I pity you. Compute as a service is probably not what you need. Cases may vary and, again, the devil is in the details. But you have a huge challenge ahead of you: Building an environment where a server can be programatically brought online and then caught up to date with the current compute pool in a time frame which makes even doing it a winning situation. This is something I’m going to put a lot of thought into… note to self… But unless you have some bright ideas here (and if you do, please send them my way) you have basically one chance: data partitioning. Get yourself a VERY good DBA, and really REALLY plan out your data. If you put enough thought into it in the beginning you have a chance to keep the individual pieces of data down to a small enough (and distributed enough) level which just might lend itself to compute as a service in a very LARGE way (but we’re really talking about going WAY beyond the 10 or 20 allowed Amazon EC2 server instances here)

Uh, Ok, Enough about these different environments… what do I need to do to USE on demand computing?

Well thats a difficult question to answer in a generally useful way. so without getting too specific:

You, first and foremost, need to have compute as a service thought about in every bit of your planning and executing stages. At every point in the set of long chains which make up your application you have to ask yourself “what happens if this goes away?” and plan for it.

A very close second is think pipes and hoses rather than chisel and stone. Each part of your environment should be as self contained as possible. When one hose springs a leak the solution is simple, replace the hose (and just bypass it for the mean time,) but when you loose a section of your monolithic structure things are a bit more complicated than that.

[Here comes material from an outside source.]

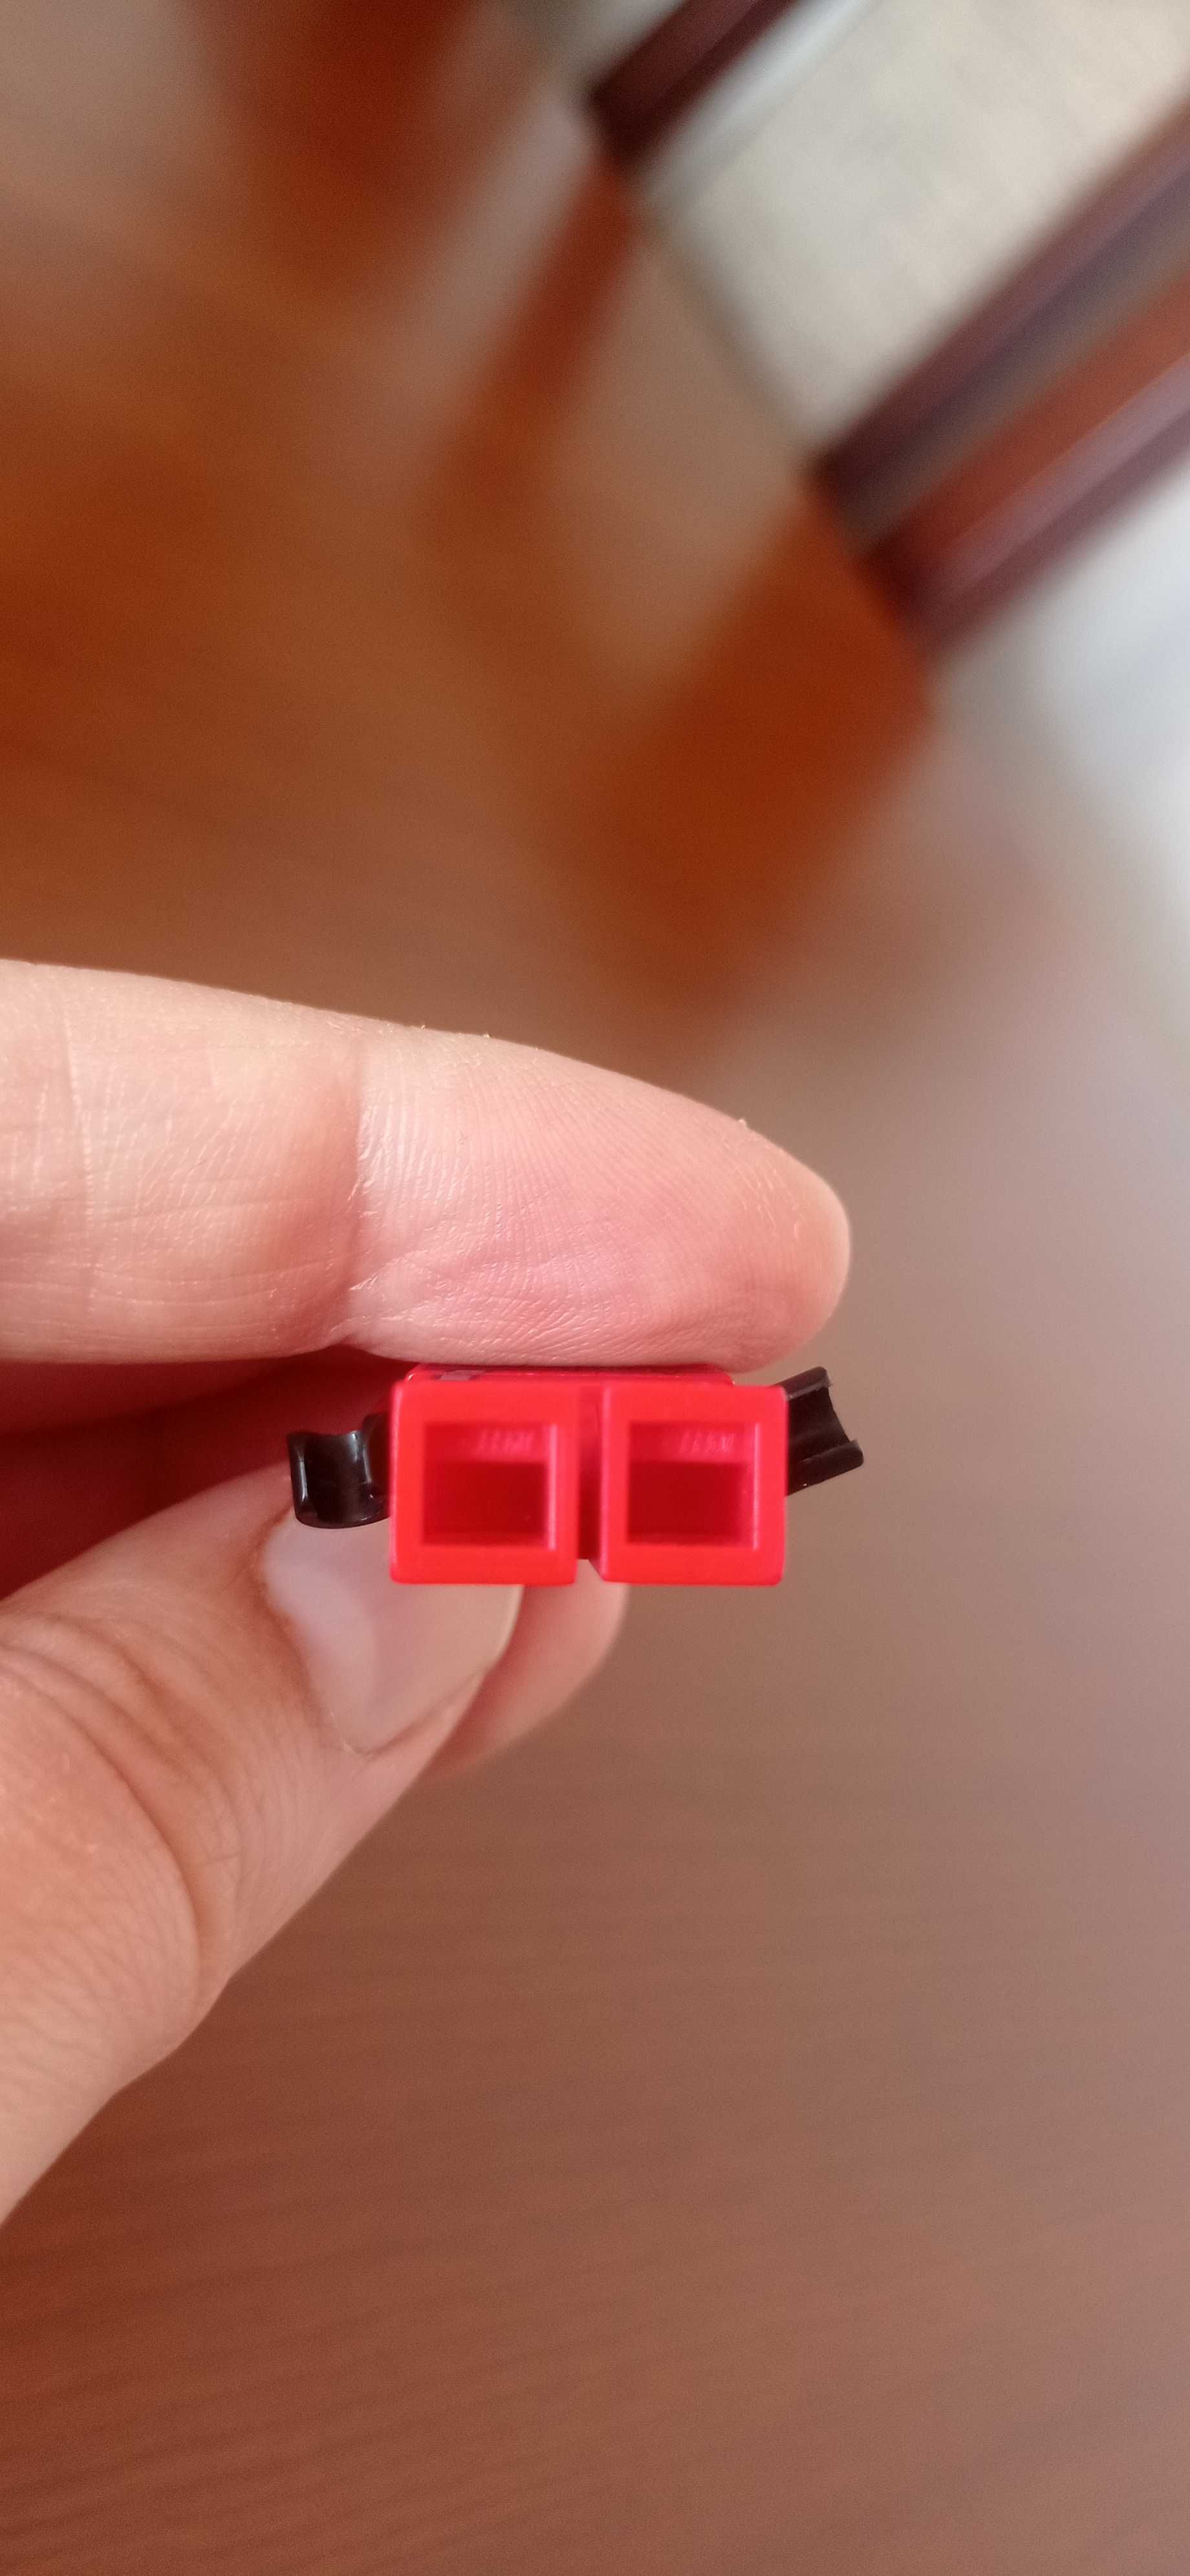 Figurka LEGO, czerwony ludzik

Finally you need to understand that you will have to work at taking full advantage of compute as a service. Remember that you are going to have to put TIME and ENERGY into using this kind of a service. Nothing comes free, and even in operations everything has an equal and opposite reaction. If you want to avoid spending the time and energy and money maintaining a hardware infrastructure you will have to put the same into avoiding one. But the benefits of doing so are real and tangible. Because when you’ve spent all of your time building an application which is fault tolerant rather than building an infrastructure which will fail you invariably provide to your user base a more robust and reliable service.